Okay we have come to the conclusion that change is good, but what happens when there is an outside force involved, such as eminent domain? There is something wrong about eminent domain. I understand why it was originally started. For instance your house sat directly in a path where a freeway or airport had to be constructed, or a new wider road to cope with the expanse of the population and public transportation, but today it doesn’t seem right?

You work hard all of your life and buy property with the knowledge that it is really yours, then you’re whacked by the statute of eminent domain. And it hits you like a ton of bricks.

Eminent domain is the lawful power of the state to expropriate private property without the owner's consent, either for its own use or on behalf of a third party. The term eminent domain is used primarily in the United States, where the term was derived in the mid-19th century from a legal treatise written by the Dutch jurist Hugo Grotius in 1625.
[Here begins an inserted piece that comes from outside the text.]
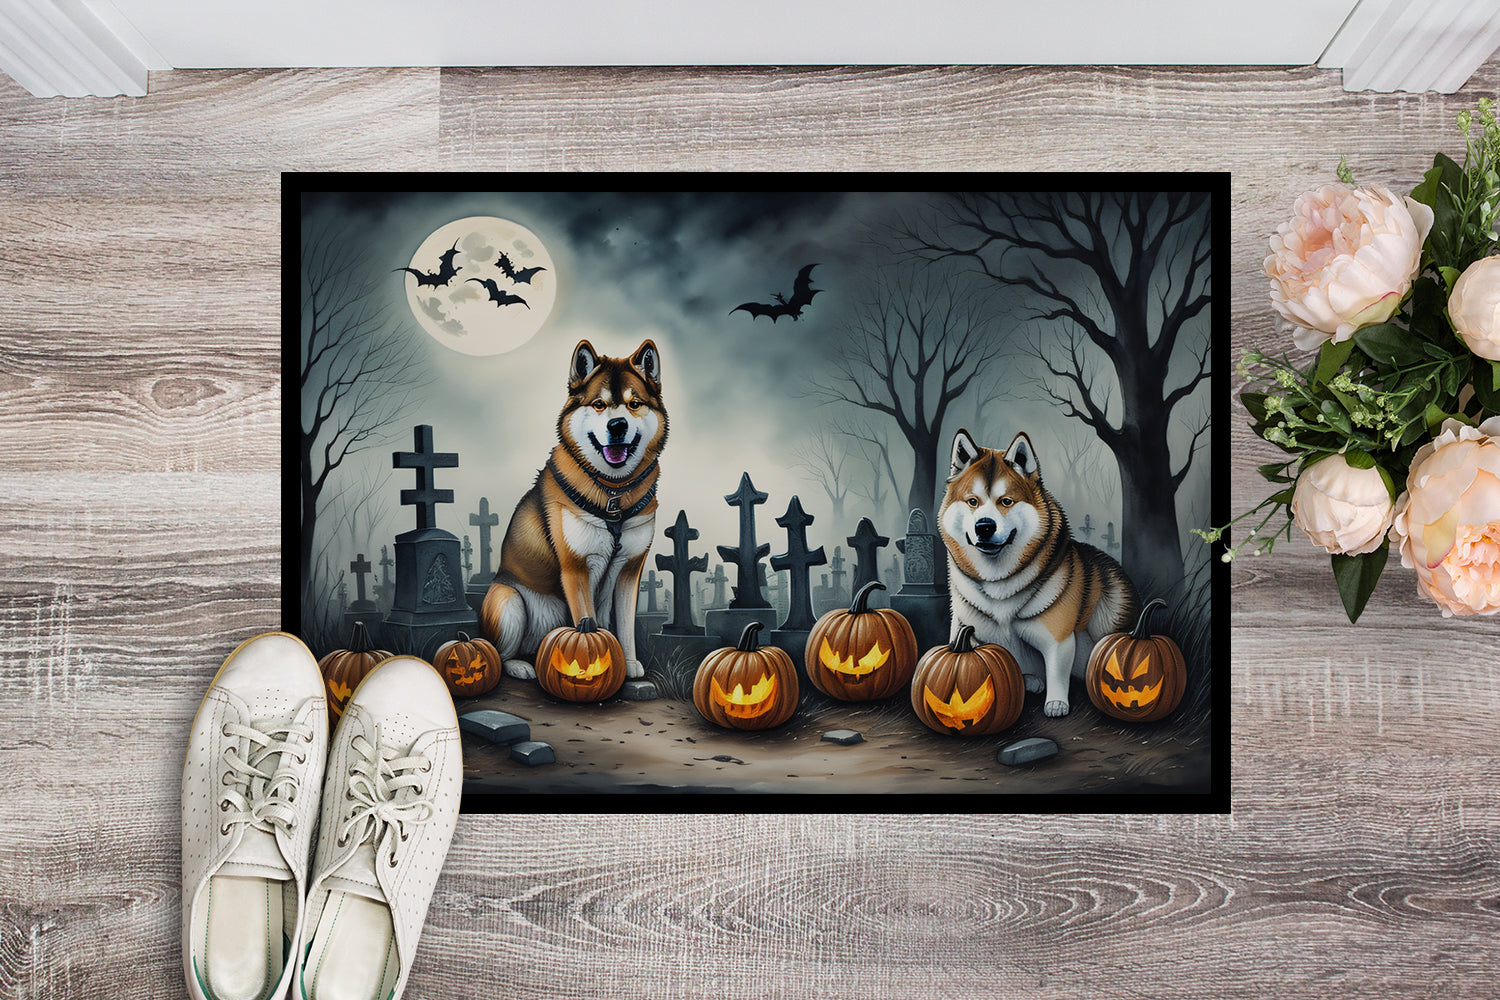 Buy this Akita Spooky Halloween Doormat 18x27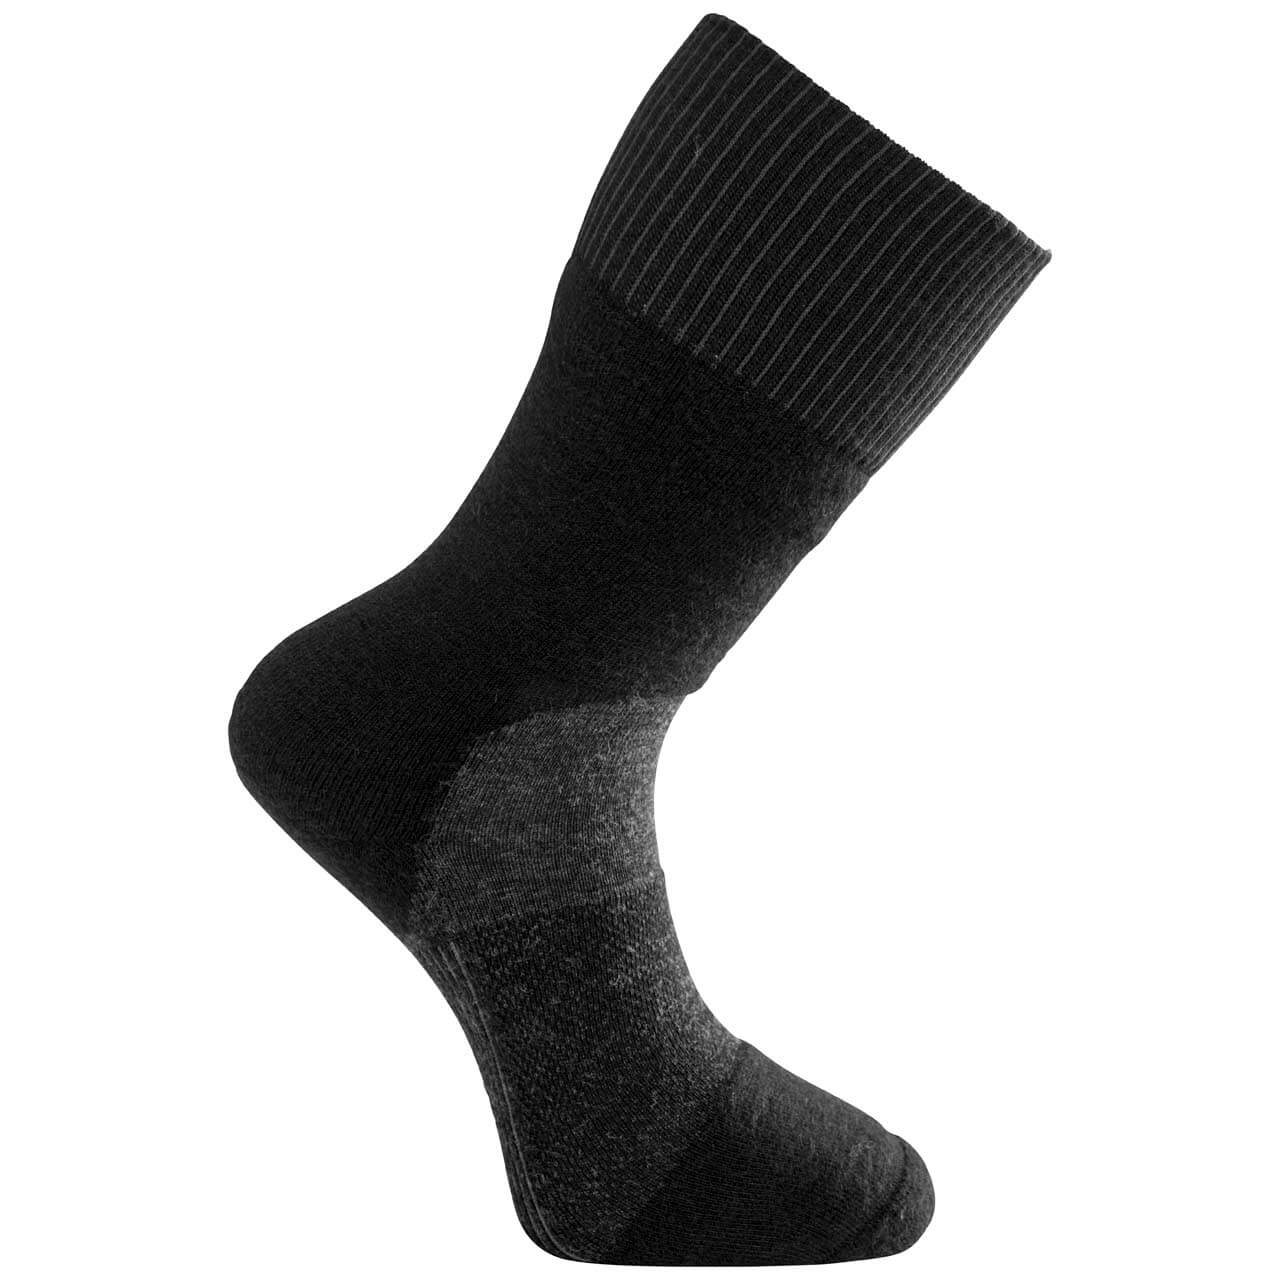 Woolpower Skilled Socken 400 - Black/Dark Grey, 40-44 von Woolpower

In Hollywood, there are several Mom & Pop shops that are being seized because of eminent domain. The city is revitalizing the area with a new hotel and other businesses. I feel for the shop owners that it affects. Many of them have put their hearts and Souls into building their businesses, only to have to move or close down. Eminent domain can cause monumental changes all around.
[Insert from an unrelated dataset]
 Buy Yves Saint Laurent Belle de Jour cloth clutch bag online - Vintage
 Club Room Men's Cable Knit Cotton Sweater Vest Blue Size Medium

From the shop owners perspective, they are being forced out where their livelihoods are at stake. Most of them are immigrants that have built their businesses from scratch. From the eminent domain perspective, the city is revitalizing the neighborhood to accommodate the growing population. The city feels that they are breathing new life into a tired area by bringing commerce and thousands of new jobs. They offer the shop owners what is deemed fair market value for their premises, which usually doesn’t come close to what the premises are worth, not to mention the blood, sweat and years that went into building a business.
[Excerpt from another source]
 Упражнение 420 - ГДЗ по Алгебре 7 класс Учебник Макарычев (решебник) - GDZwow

Who is right and who is wrong? They both have valid points and change will affect each of them differently. Construction is always noisy and messy, but in the end it can be a beautiful thing that brings new experiences to new people or new experiences to the same people.

Spiritual reconstruction is twice as noisy and twice as messy, because we rarely see it coming and rarely want it. Change is always imminent at various intervals in our lives. It happens in a micro second. Those micro seconds add up to moments, then hours, days, weeks, years and lifetimes.

We are always changing at any given moment. Our thoughts are not the same as they were yesterday. Our feelings about a person don’t just change overnight, but it can appear so. The beginning of change may not reach our grey matter until we have accumulated enough of those micro seconds to realize a change, but it happens by the second. It’s happening right now. Your thoughts have probably changed several times just by reading this. The only aspect of change that makes it difficult is our acceptance of it.

If we feel that we want to fight change, we can do it, but there will still be a change in the end. By the time we begin to fight, a change in us has already occurred. By the time we stop fighting change, it may affect us with greater distress because of our fear to let go.

Eminent domain may not be a pretty sight, but it has to happen. Just like people evolve, so do areas. We do have an ace in the hole. Our true eminent domain is God. When we continue to fight change, we lose our power to be loving, caring, wise and at peace in our surroundings. Chaos causes us to go into spiritual shock.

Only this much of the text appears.